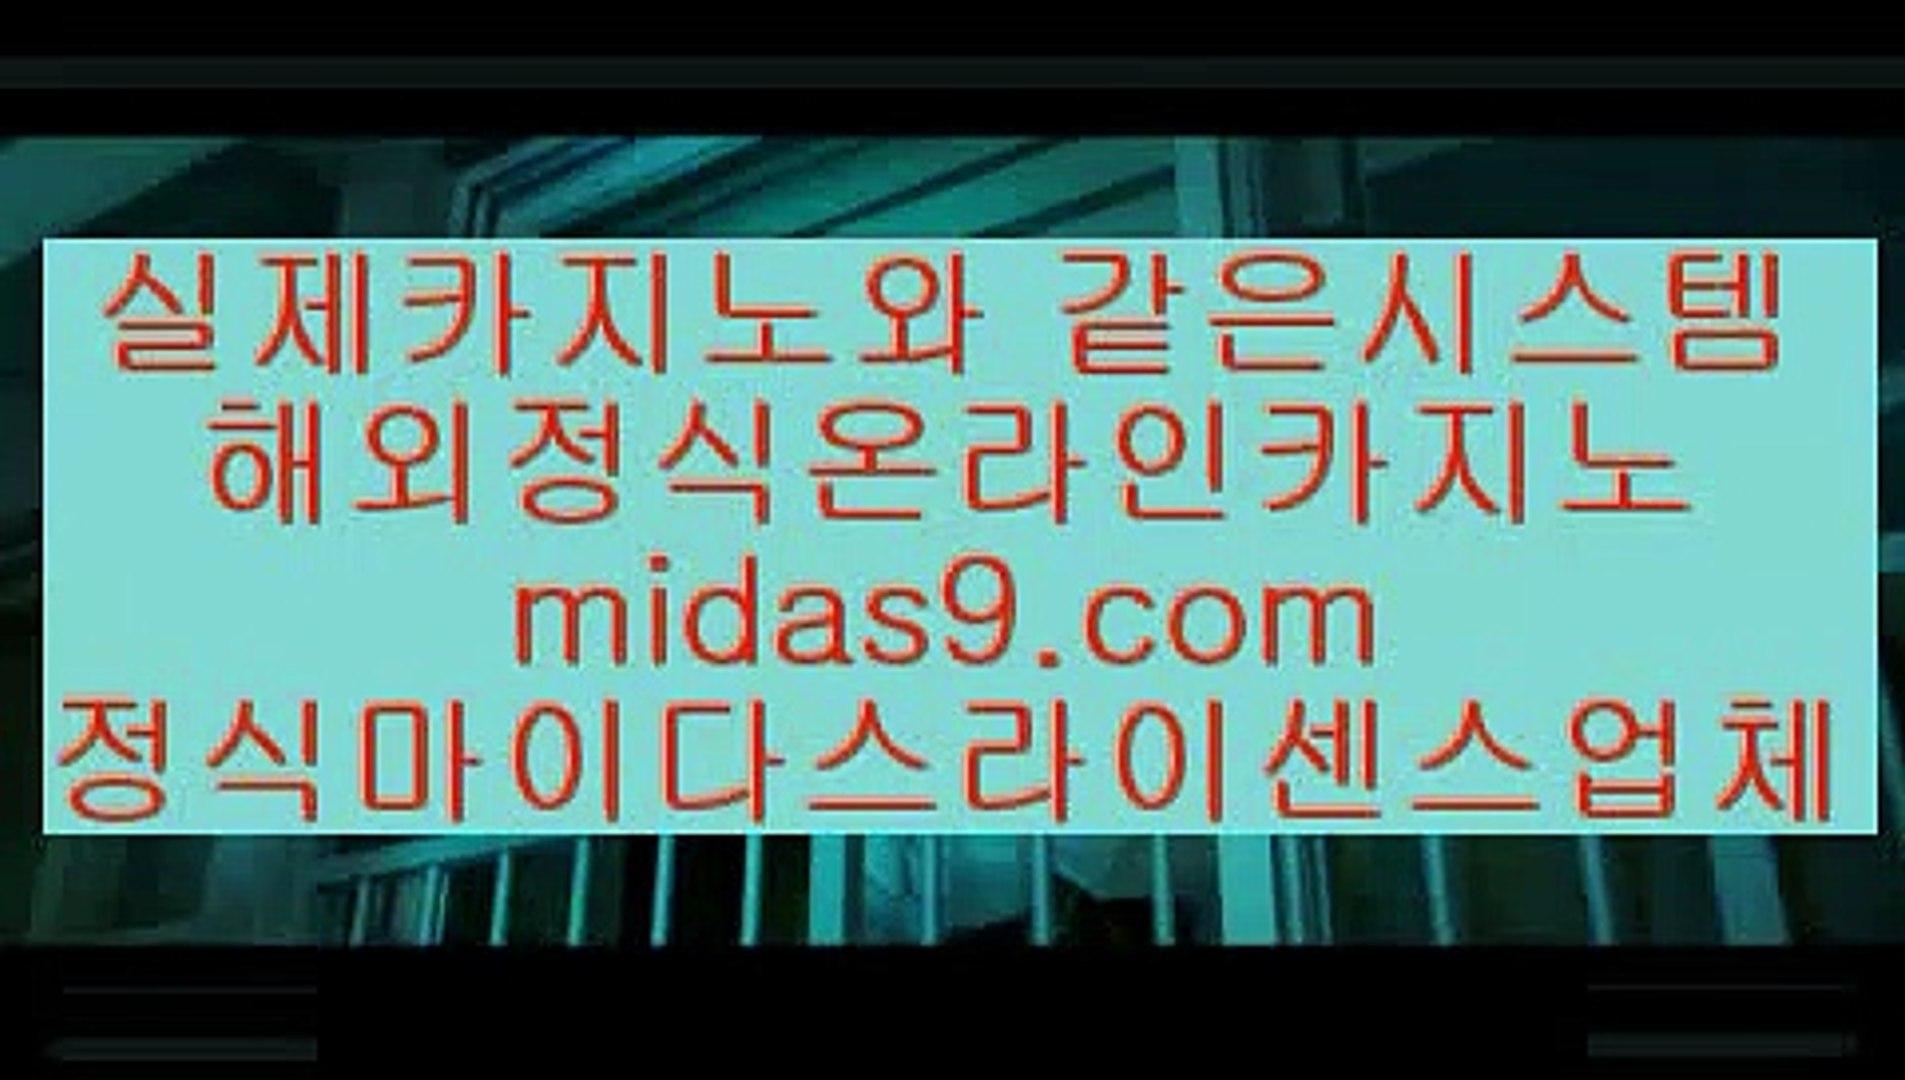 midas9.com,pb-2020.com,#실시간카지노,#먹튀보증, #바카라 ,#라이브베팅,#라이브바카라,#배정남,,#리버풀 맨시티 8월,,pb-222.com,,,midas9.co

━━━━━━━━━━━━━━━━━━━━

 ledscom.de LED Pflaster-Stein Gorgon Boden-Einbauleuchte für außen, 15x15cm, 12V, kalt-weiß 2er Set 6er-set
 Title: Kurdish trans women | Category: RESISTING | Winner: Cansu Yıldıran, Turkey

━━━━━━━━━━━━━━━━━━━━

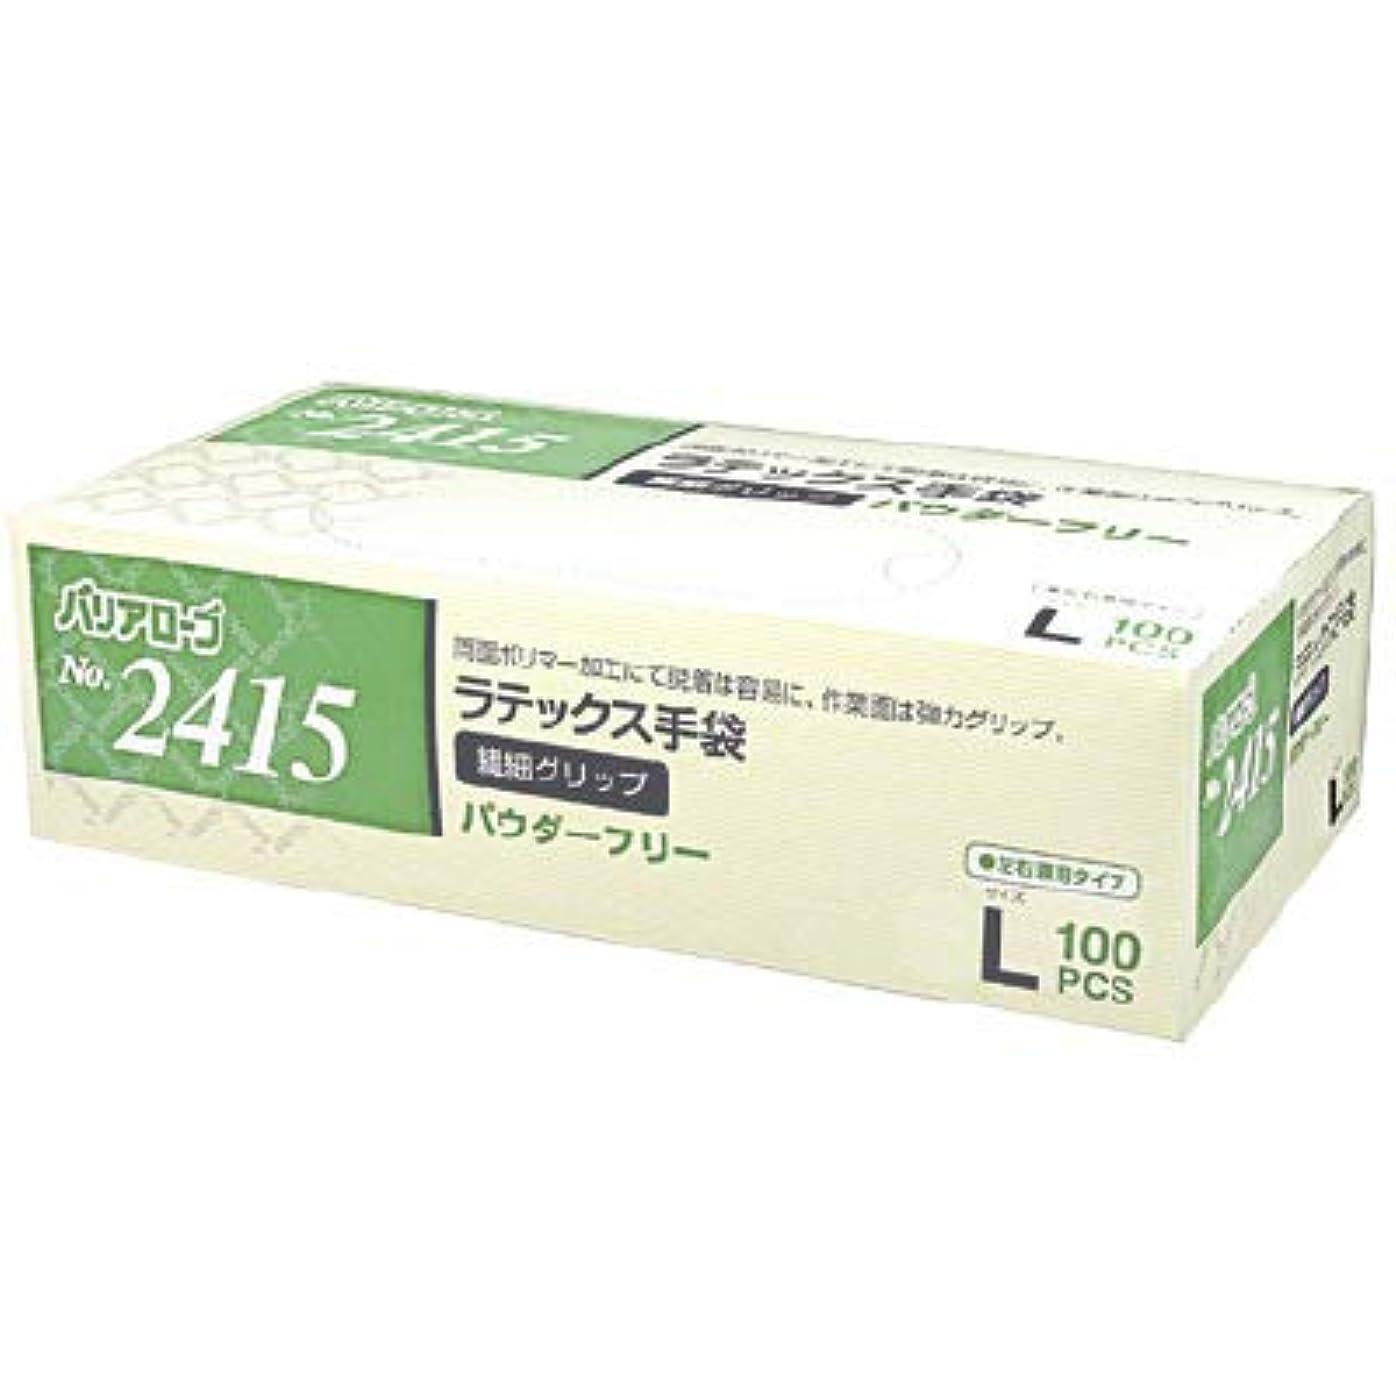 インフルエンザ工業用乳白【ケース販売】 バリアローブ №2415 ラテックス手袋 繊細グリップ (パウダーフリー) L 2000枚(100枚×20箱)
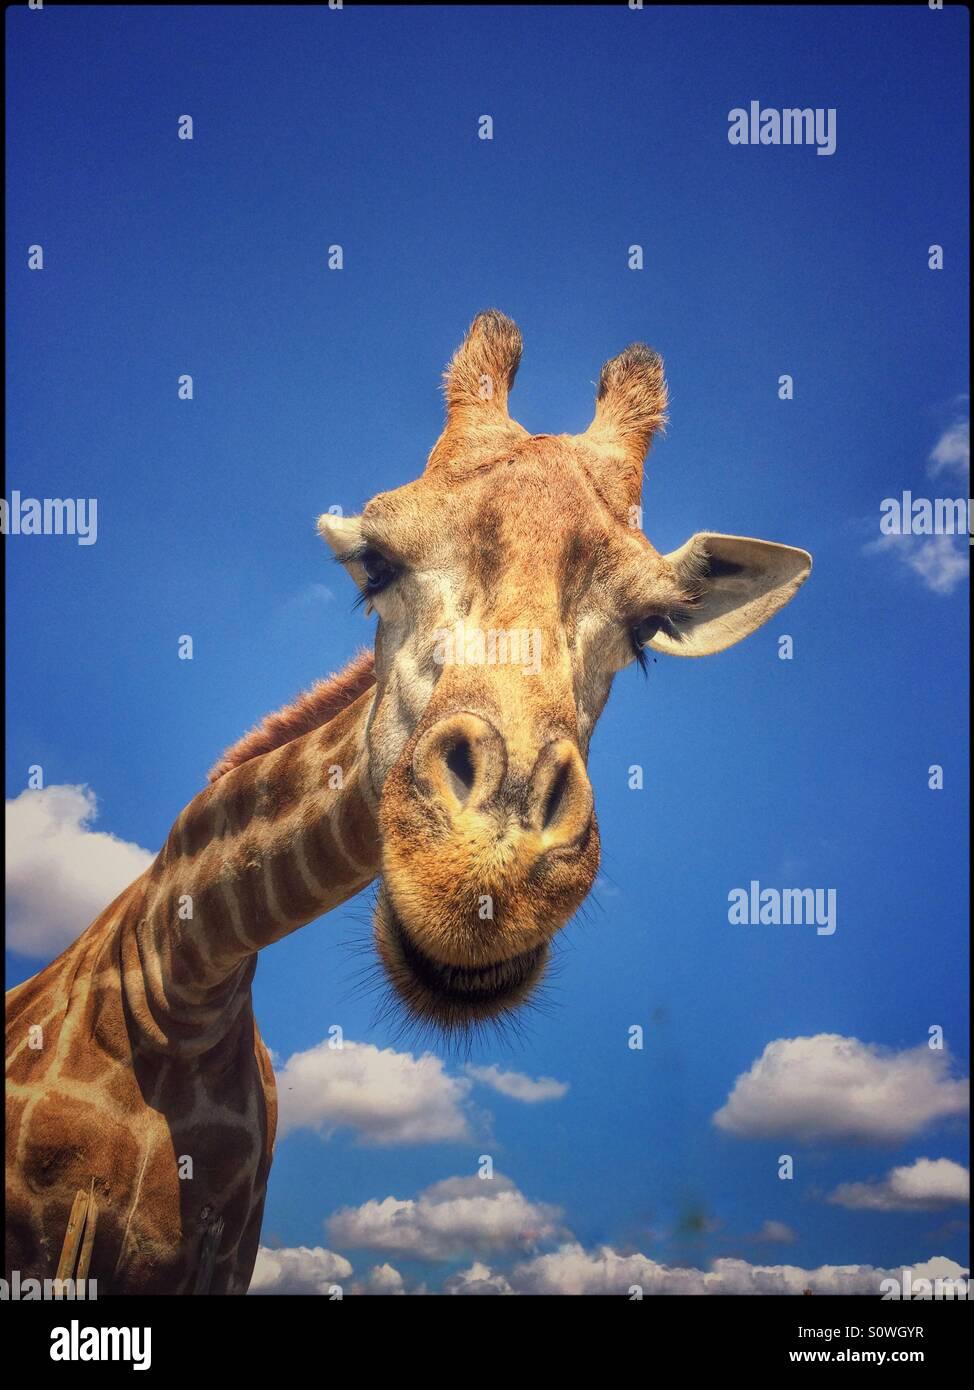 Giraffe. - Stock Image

━━━━━━━━━━━━━━━━━━━━

▶ _Your instructions_
Using the material above, transcribe exactly the lines from the line with "ledscom.de LED Pflaster-Stein" to the line with "Title: Kurdish trans"; both count, and nothing else goes in.

▶ _Exercise result_
 ledscom.de LED Pflaster-Stein Gorgon Boden-Einbauleuchte für außen, 15x15cm, 12V, kalt-weiß 2er Set 6er-set
 Title: Kurdish trans women | Category: RESISTING | Winner: Cansu Yıldıran, Turkey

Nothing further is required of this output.